Gardeners seek to emulate Parzival—the knight who followed the guidance of his divinely-inspired heart to the hiding place of the Grail.

In the epic poem Parzival, written by medieval poet Wolfram von Eschenbach, the world has fallen into ruin because of an ongoing war between the forces of good and evil. As the war rages in heaven between God and Satan, a band of neutral angels bring the Grail down from heaven and hide it on Earth to prevent it from being destroyed in the crossfire. (In this tale, the Grail is not the cup of Christ from the Last Supper, but a rock that embodies the divine quality of unconditional love and compassion.)

These neutral angels charged an earthly knight with protecting the Grail, but the newly-minted Grail King quickly fails to represent that spirit of unconditional love and compassion when he draws his sword against another knight in the name of a virtue. During the ensuing duel, both opponents are maimed. As a result—just as conflict has wreaked havoc in heaven—combat between the guardian of the Grail on Earth and his opponent renders the world into a total wasteland.
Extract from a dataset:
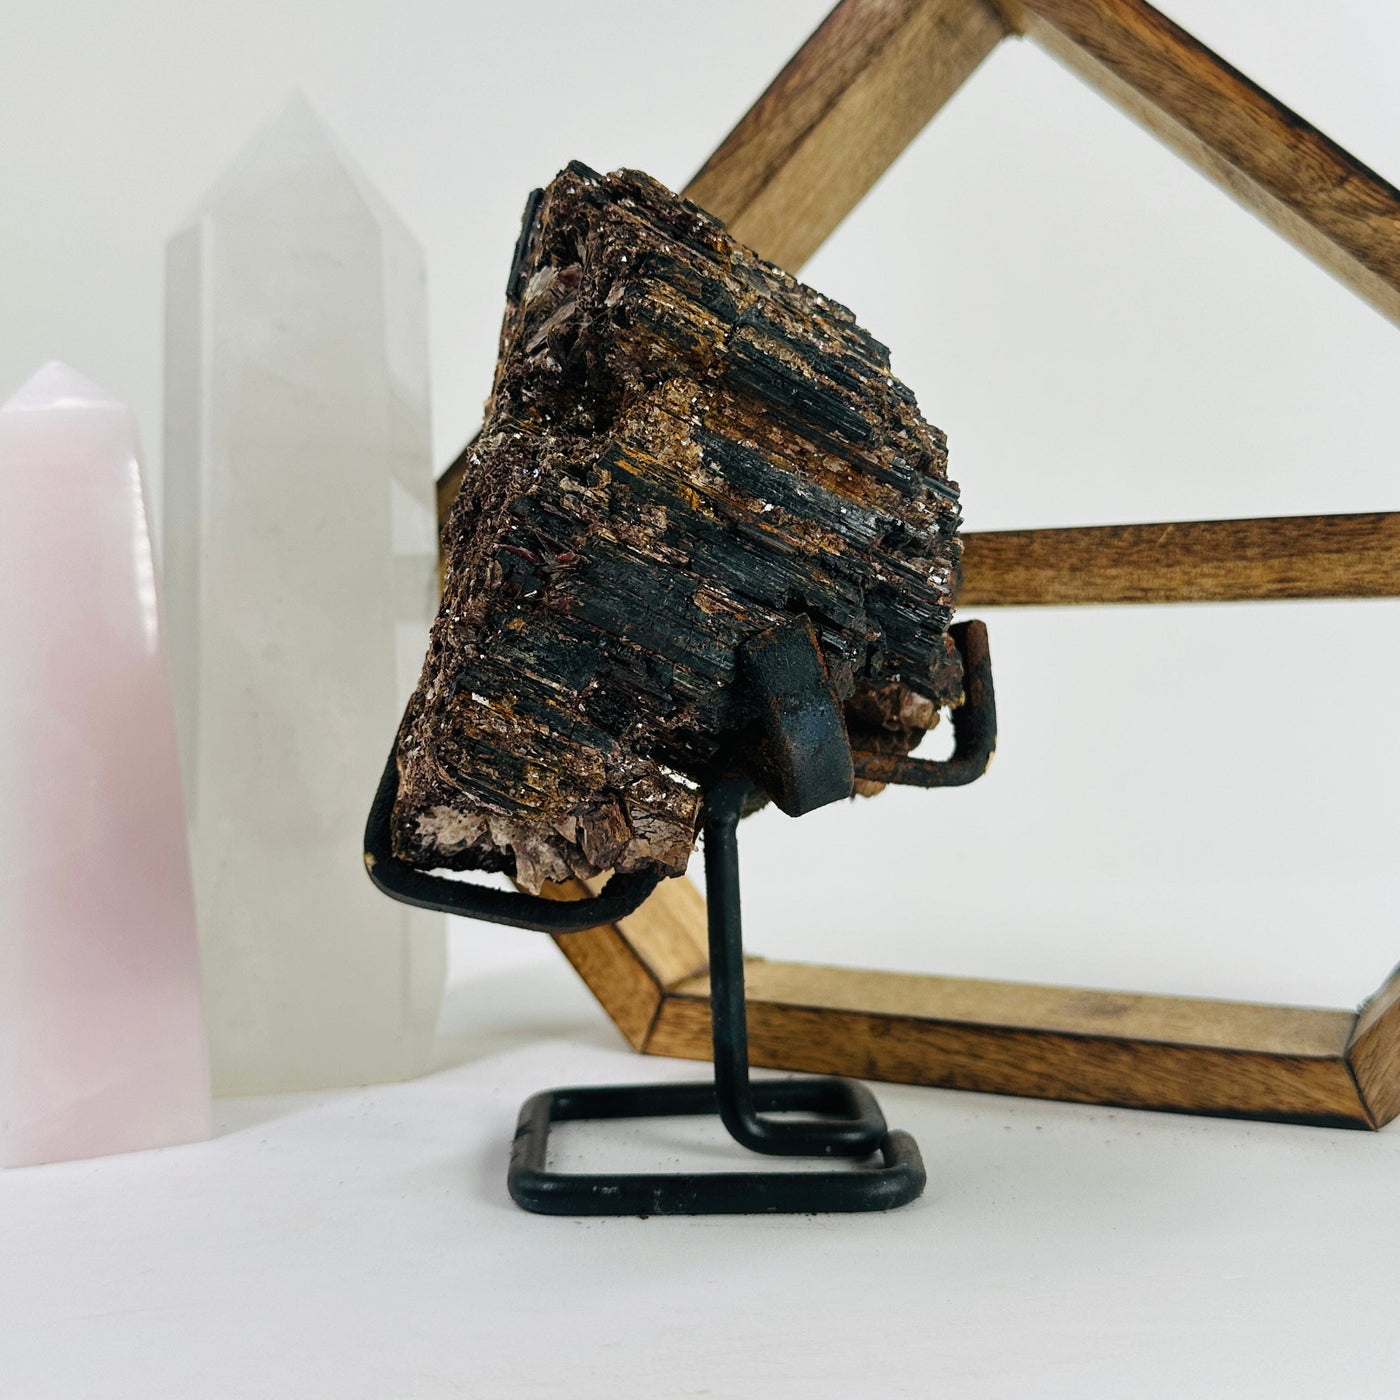 Tourmaline with mica on Metal stand with decorations in the background

A replacement Grail King is needed who can reconcile this world split by strife, and pioneer the establishment of a new order. Into this world Wolfram introduces the hero Parzival, whose name in French perce a val means “pierce through the middle” or “one who finds the way between opposites.” Parzival’s spiritual missions in this tale are to achieve at-one-ment between warring parties, and to pioneer a new spiritual order based on the heart rather than the rules of the day about virtue and evil. These missions are those of a Gardener even though Parzival—and Wolfram, his author-creator—were both actual medieval knights.

Immediately after Parzival begins his quest for the Grail, he meets the maimed Grail King in agony on his throne in the Grail Castle. Rather than compassionately asking the Grail King why he suffers, Parzival—attempting to behave as a “proper,” quiet, obedient, respectful knight should—merely stands at attention, awaiting an order. As a result, the next morning the Grail King’s castle magically expels him, and disappears. Parzival wanders for years before realizing that he had failed spiritually with the Grail King—that holy, virtuous service means responding compassionately and without regard for one’s station in life, or the station of those who need you, rather than engaging in crusades in the name of virtue.
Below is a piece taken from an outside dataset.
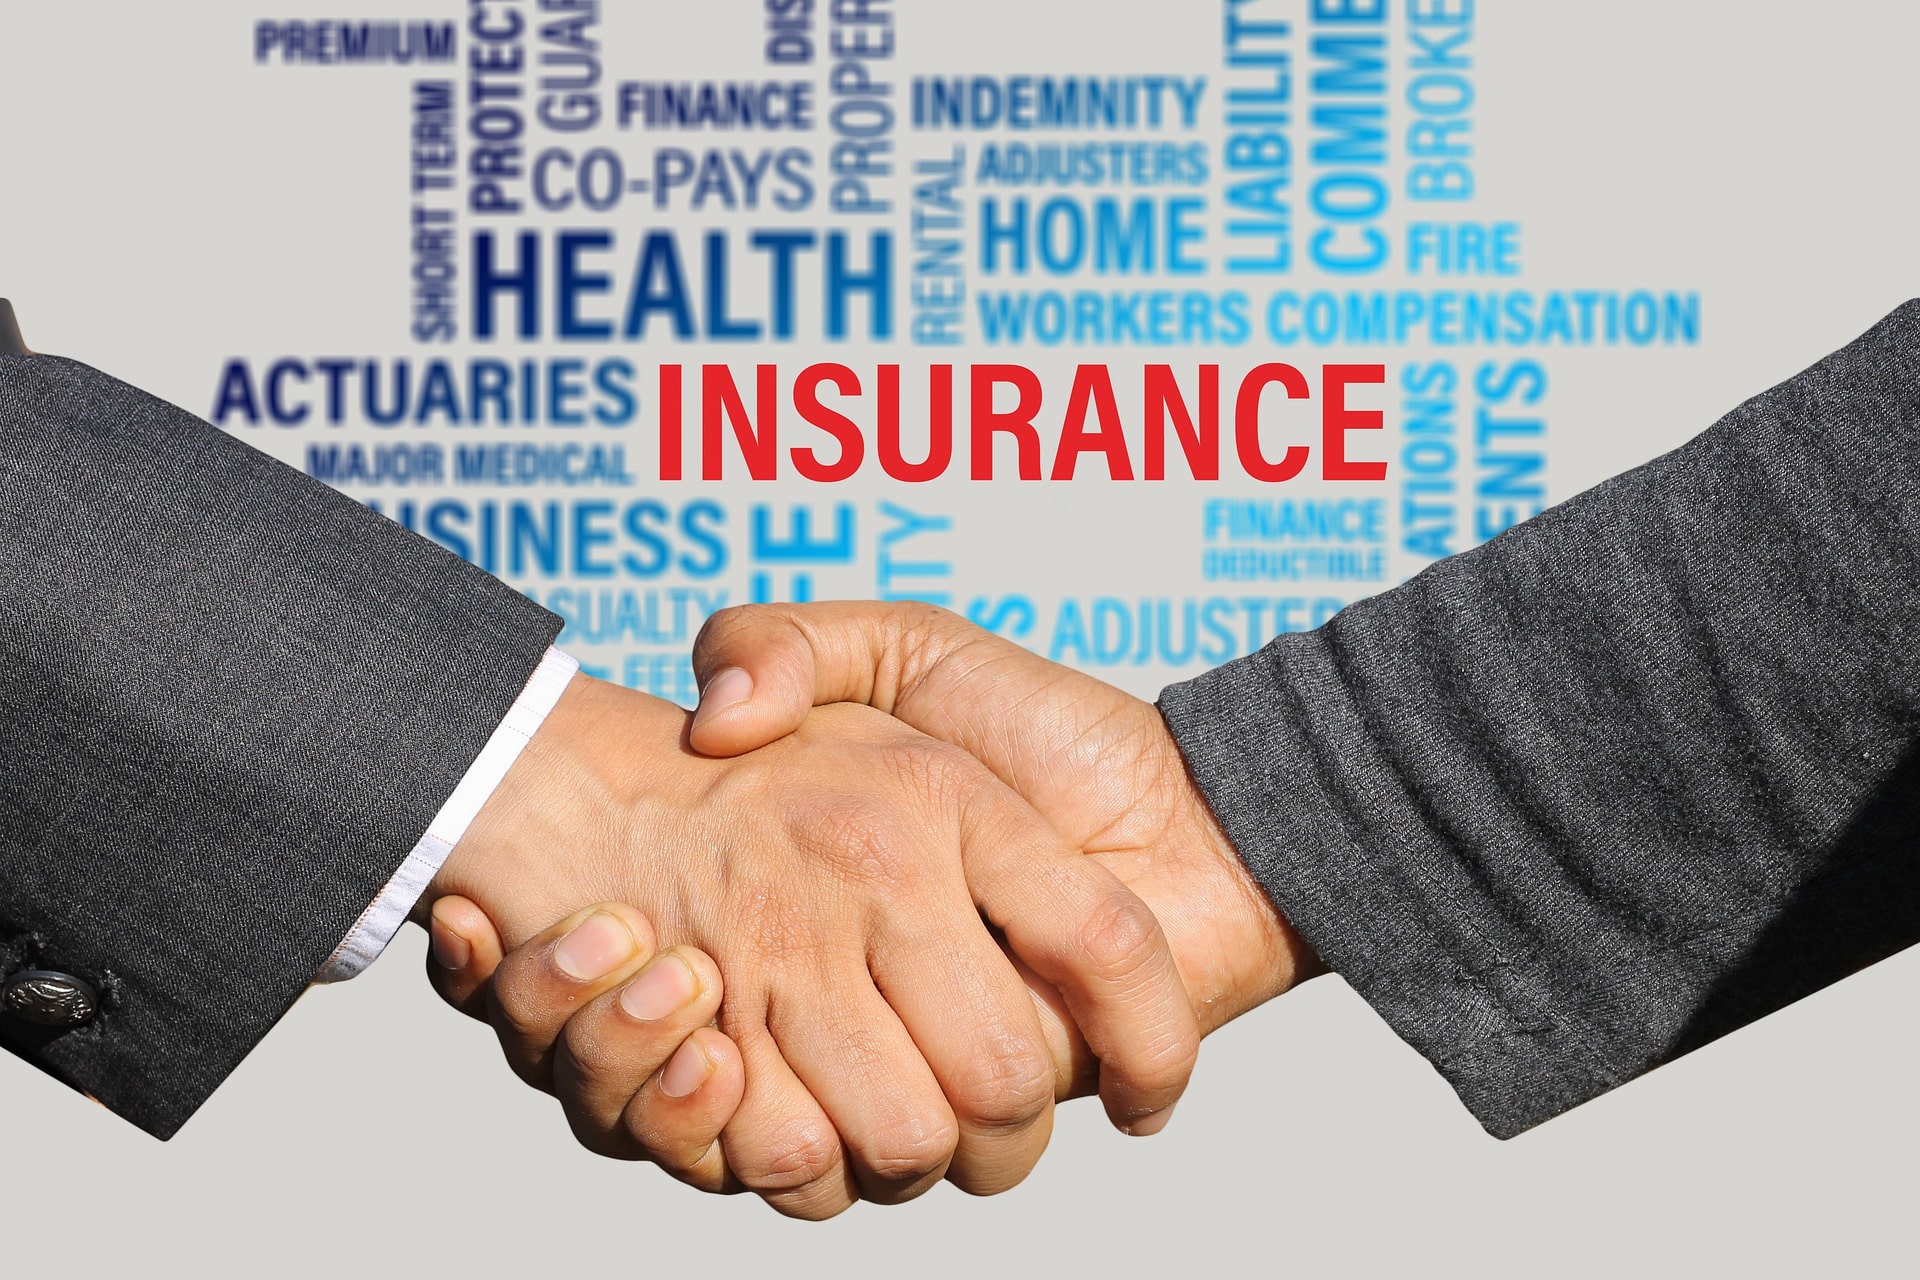 Shaking Hands with Insurance Graphic in the Background

During his time in the wilderness, Parzival learns to follow his heart rather than the rules of his day. All other knights questing for the Grail fail because they (1) roar off the path to vanquish evil, or (2) follow orders from political and spiritual authorities to deviate. Parzival, however, follows the compass of his own divinely-inspired heart.
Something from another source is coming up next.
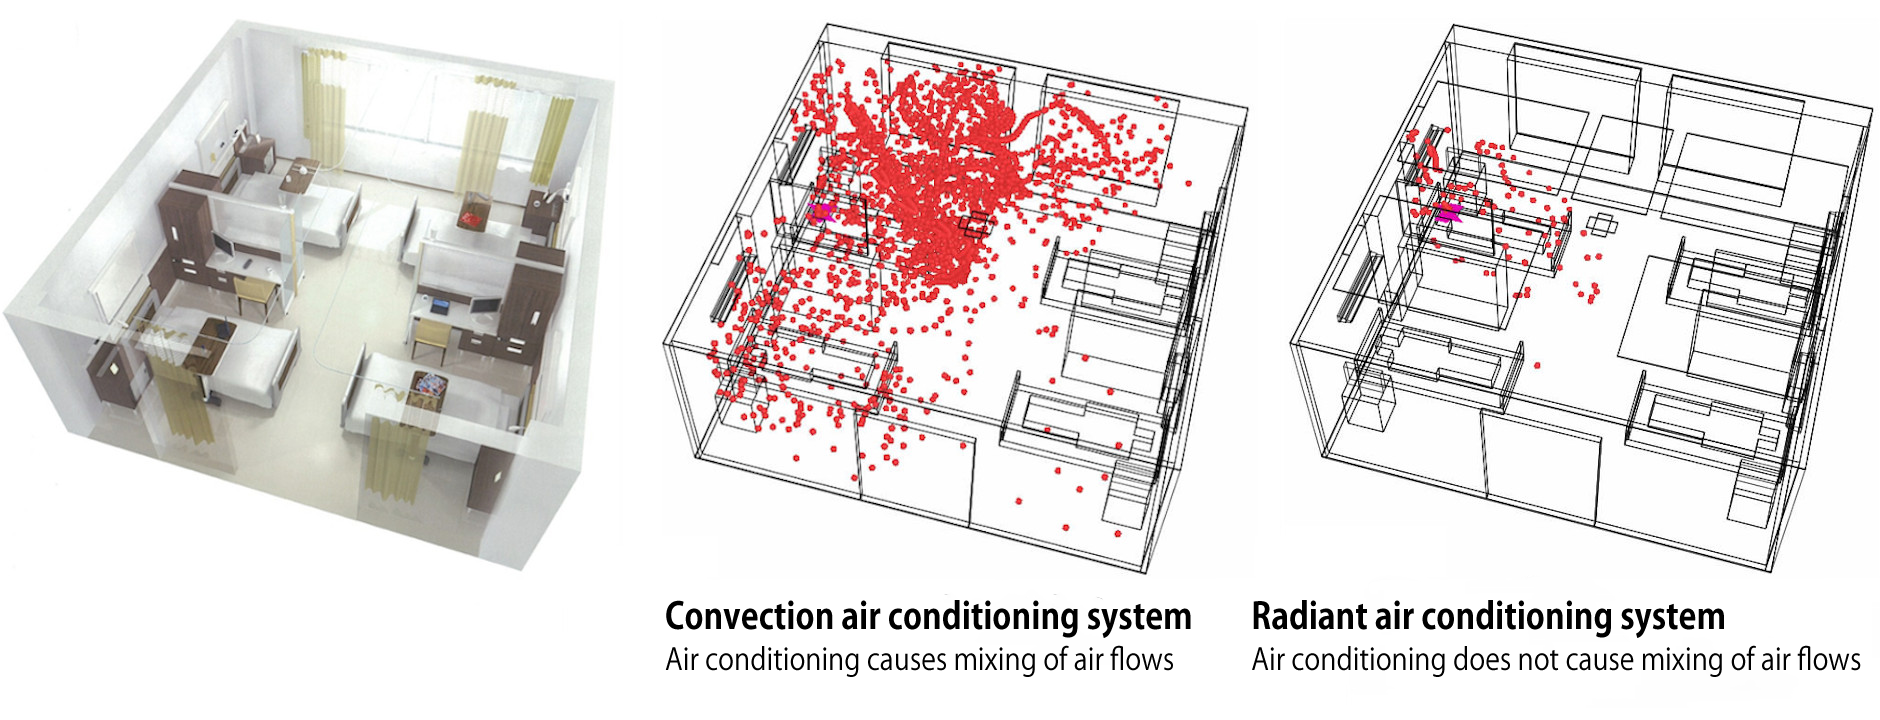 Dispersion of microparticles with a convection air conditioning system and a radiant air conditioning system （simulation）

Along the way he falls madly in love with and marries the beautiful young queen Condwiramurs rather than agreeing to an arranged marriage. He has many other adventures until finally he faces a “heathen soldier”—a Muslim knight from the court of the Caliph of Baghdad. Parzival is duty-bound to fight, but refuses, later learning that the Muslim knight is his own half-brother.

Only after passing these three spiritual tests—that he should pursue the ways of compassion (as with the Grail King), the ways of true love (as with his wife), and the ways of at-one-ment (that he and his enemy are one) does he rediscover the location of the Grail Castle. Inside, he approaches the maimed Grail King again and asks “Why are you hurt? How can I help you?” And this signal of compassion is all that is necessary to heal the Grail King, reveal the Grail in its radiant glory, and restore the entire world to vitality.

In Galahad’s story, the world falls into ruin because it abandoned principle. In Parzival’s story, it falls because it refused to be guided by the heart.

For Gardeners, the best, truest hero is the one who pursues with single-minded devotion one’s calling from God despite impossible odds.